### What is required
The line with "呪い約束するパシフィックれんげ研究所 れんげ化粧水 140cc×6本" marks the first line to copy, and the line with "Magyarország végzett az" marks the last. Transcribe that stretch of the data below exactly, without pictures.

### Exercise input
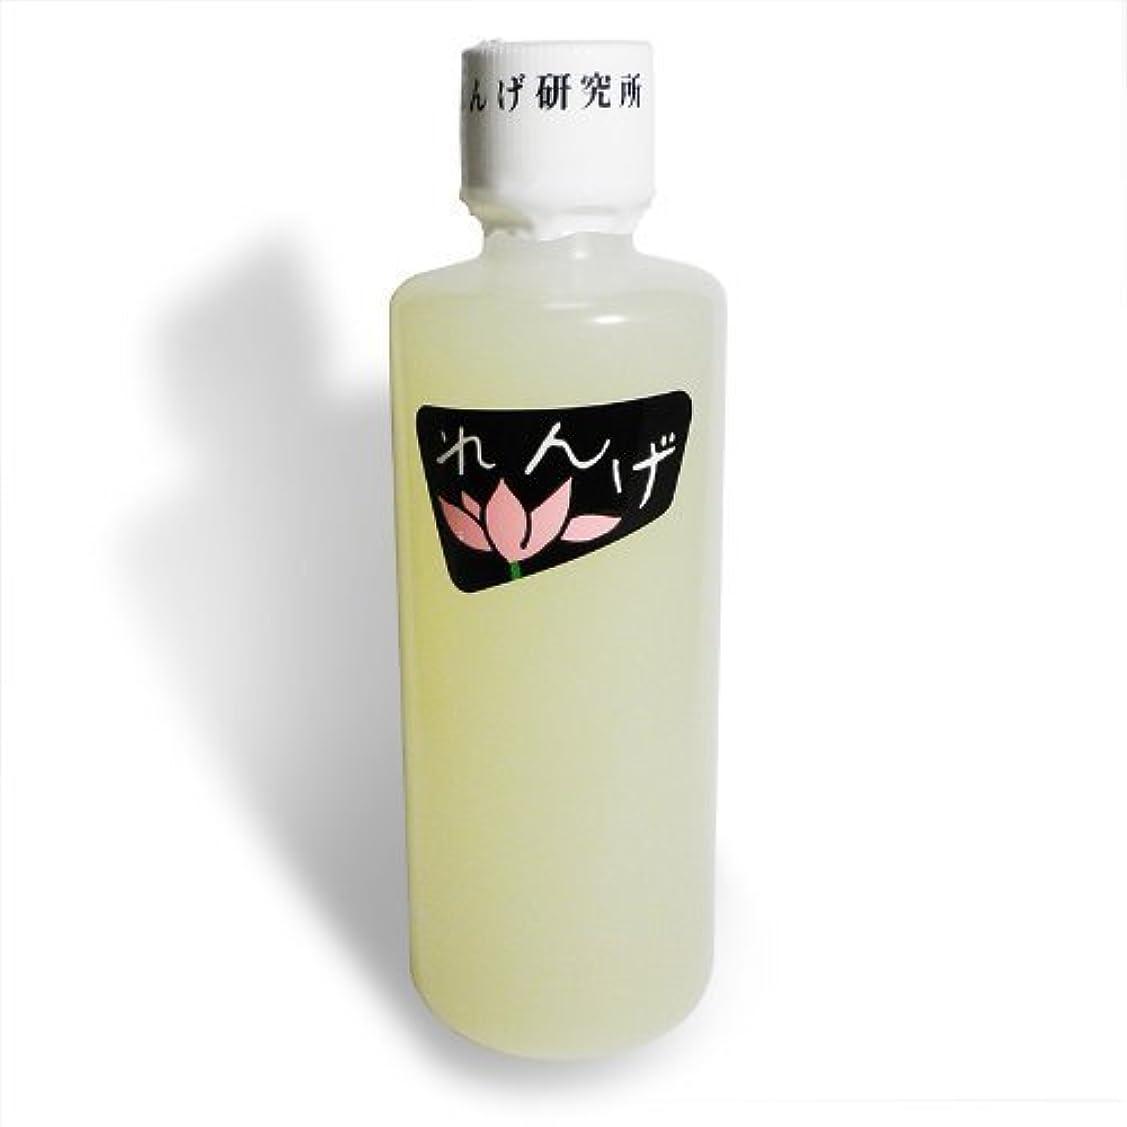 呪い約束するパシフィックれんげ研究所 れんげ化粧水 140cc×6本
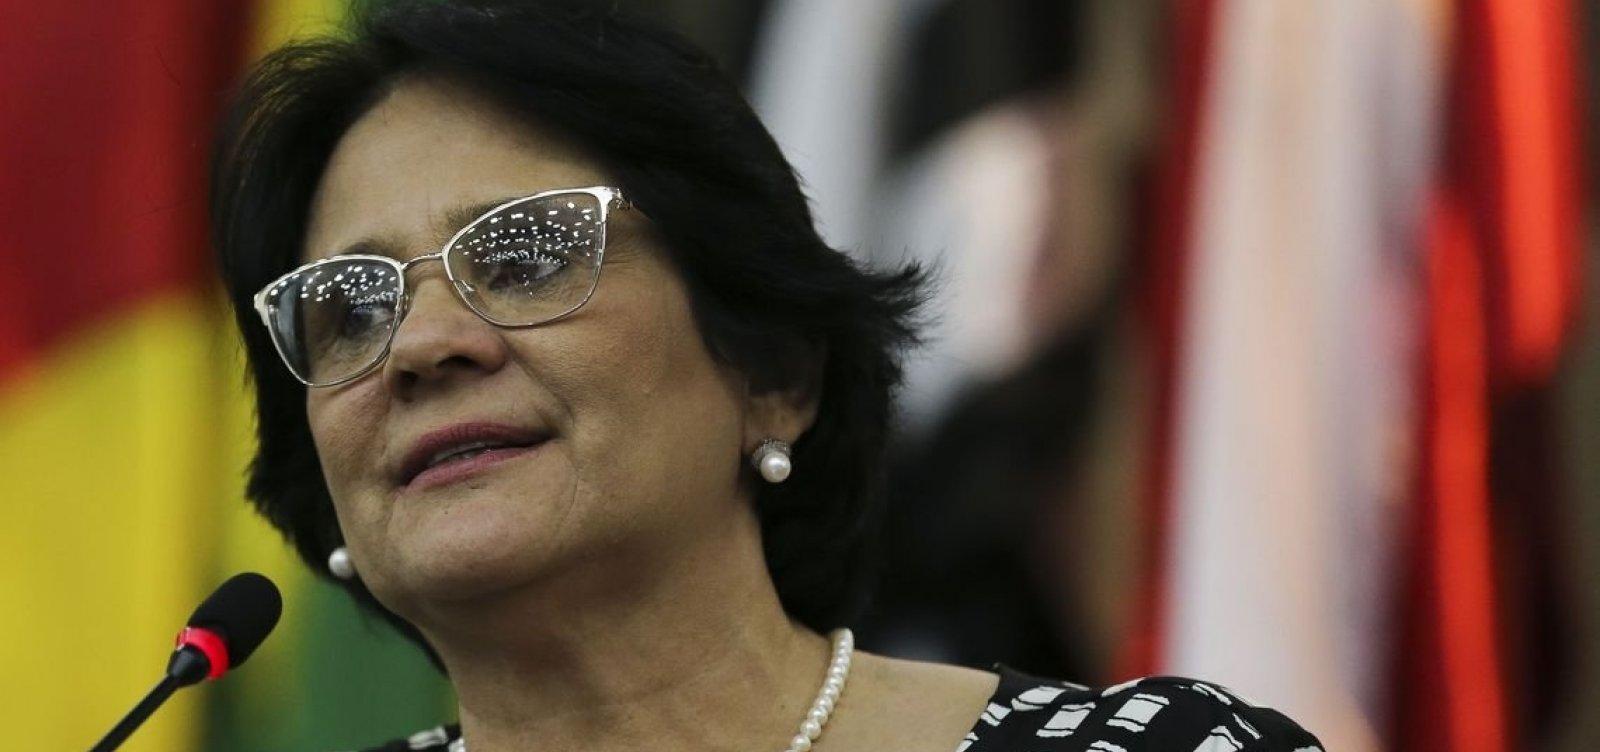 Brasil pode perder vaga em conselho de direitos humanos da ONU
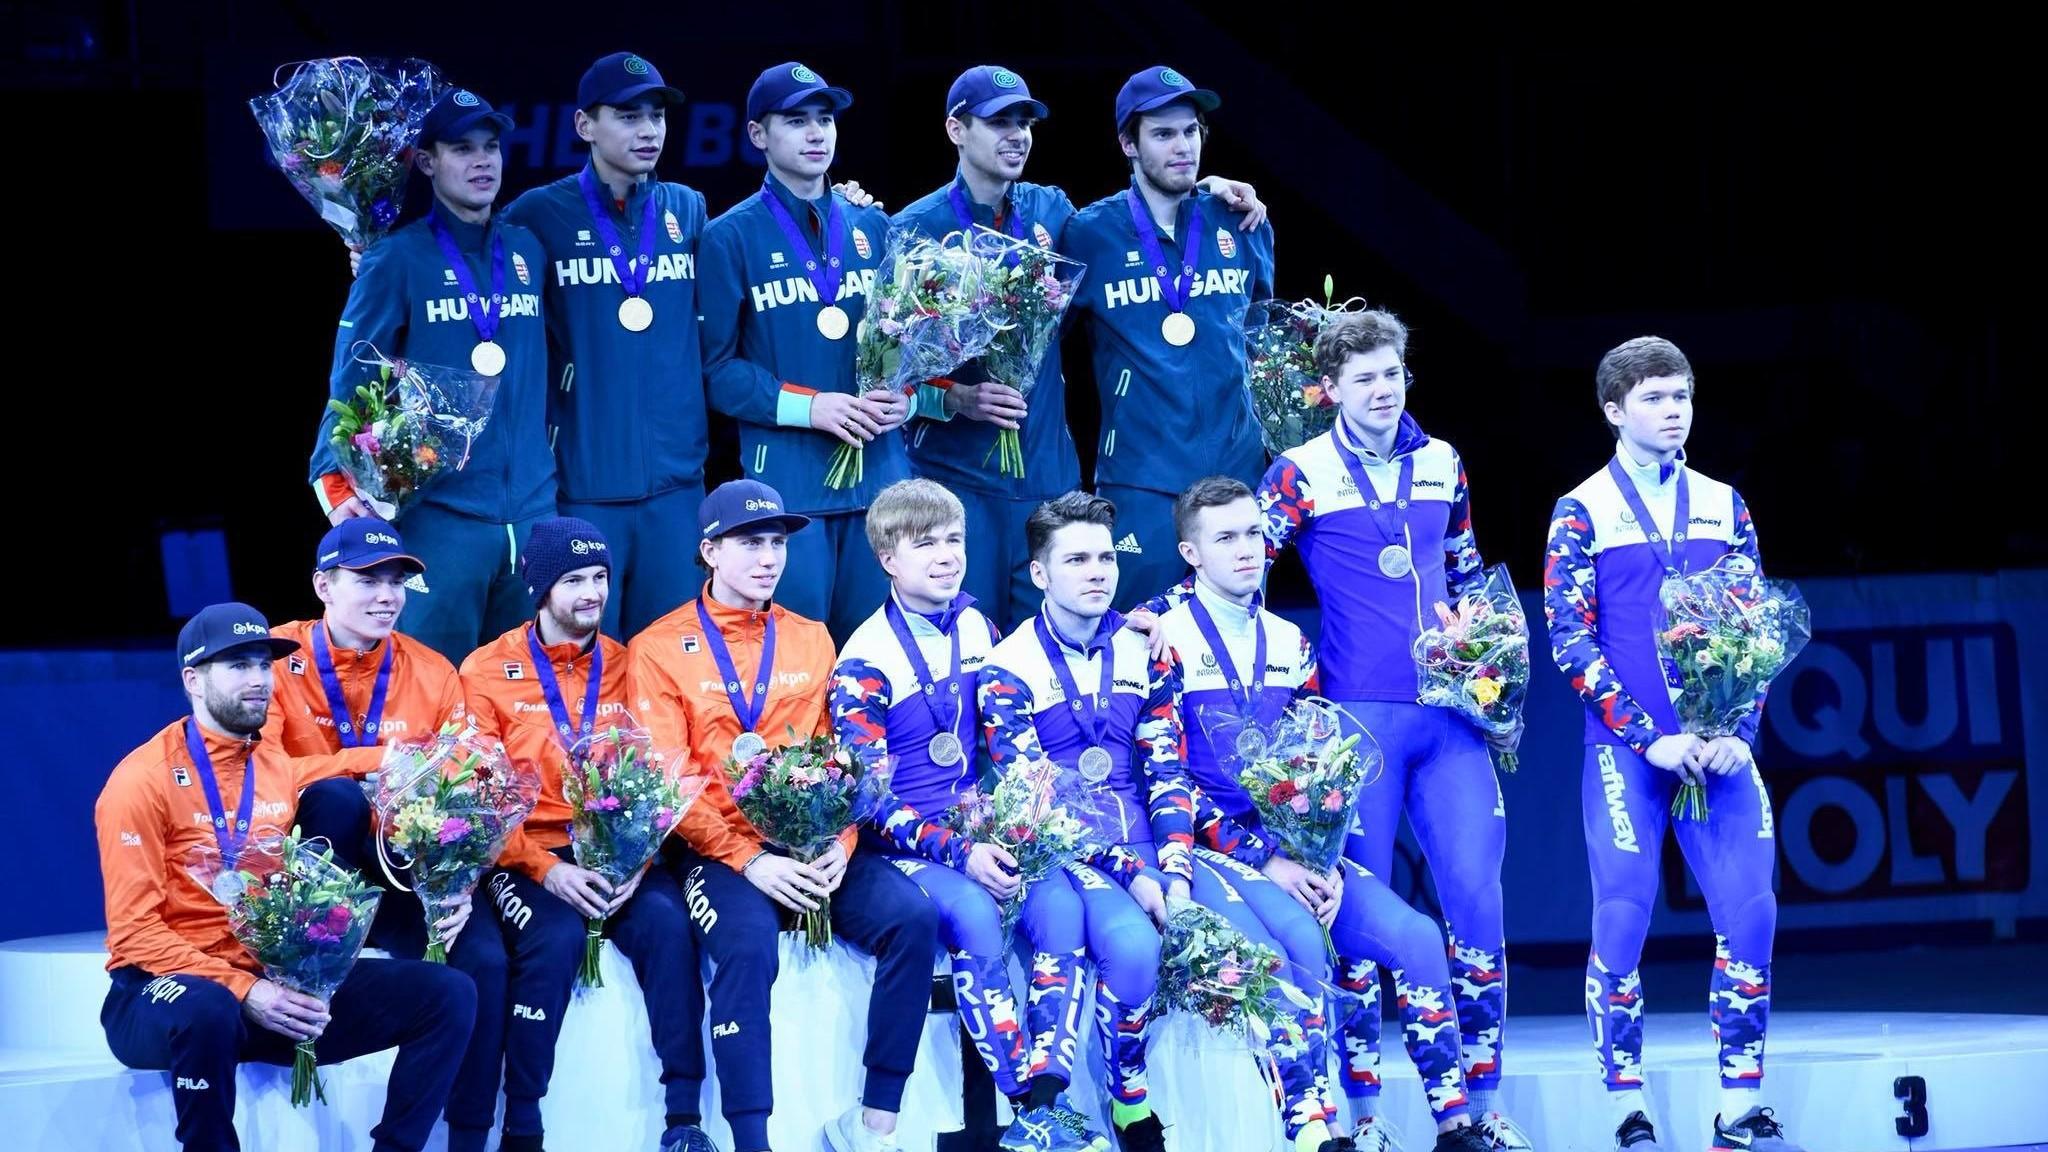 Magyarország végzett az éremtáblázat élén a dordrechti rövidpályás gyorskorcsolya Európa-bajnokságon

--

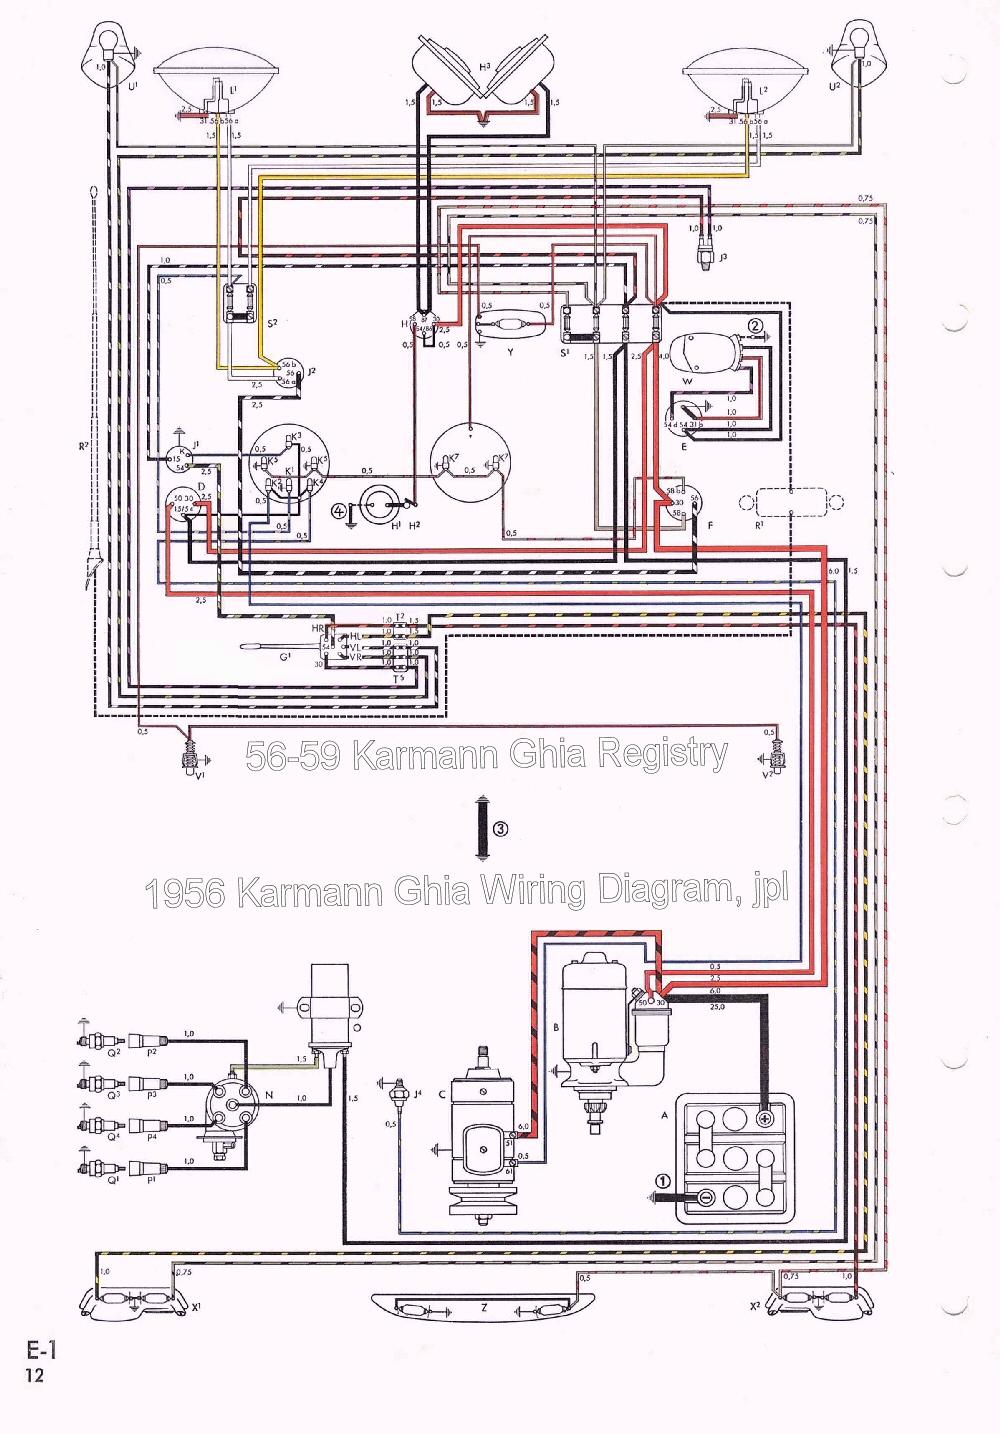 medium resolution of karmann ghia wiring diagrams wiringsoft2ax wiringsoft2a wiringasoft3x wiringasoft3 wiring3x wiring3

### Reply
 呪い約束するパシフィックれんげ研究所 れんげ化粧水 140cc×6本
 Brasil pode perder vaga em conselho de direitos humanos da ONU
 Magyarország végzett az éremtáblázat élén a dordrechti rövidpályás gyorskorcsolya Európa-bajnokságon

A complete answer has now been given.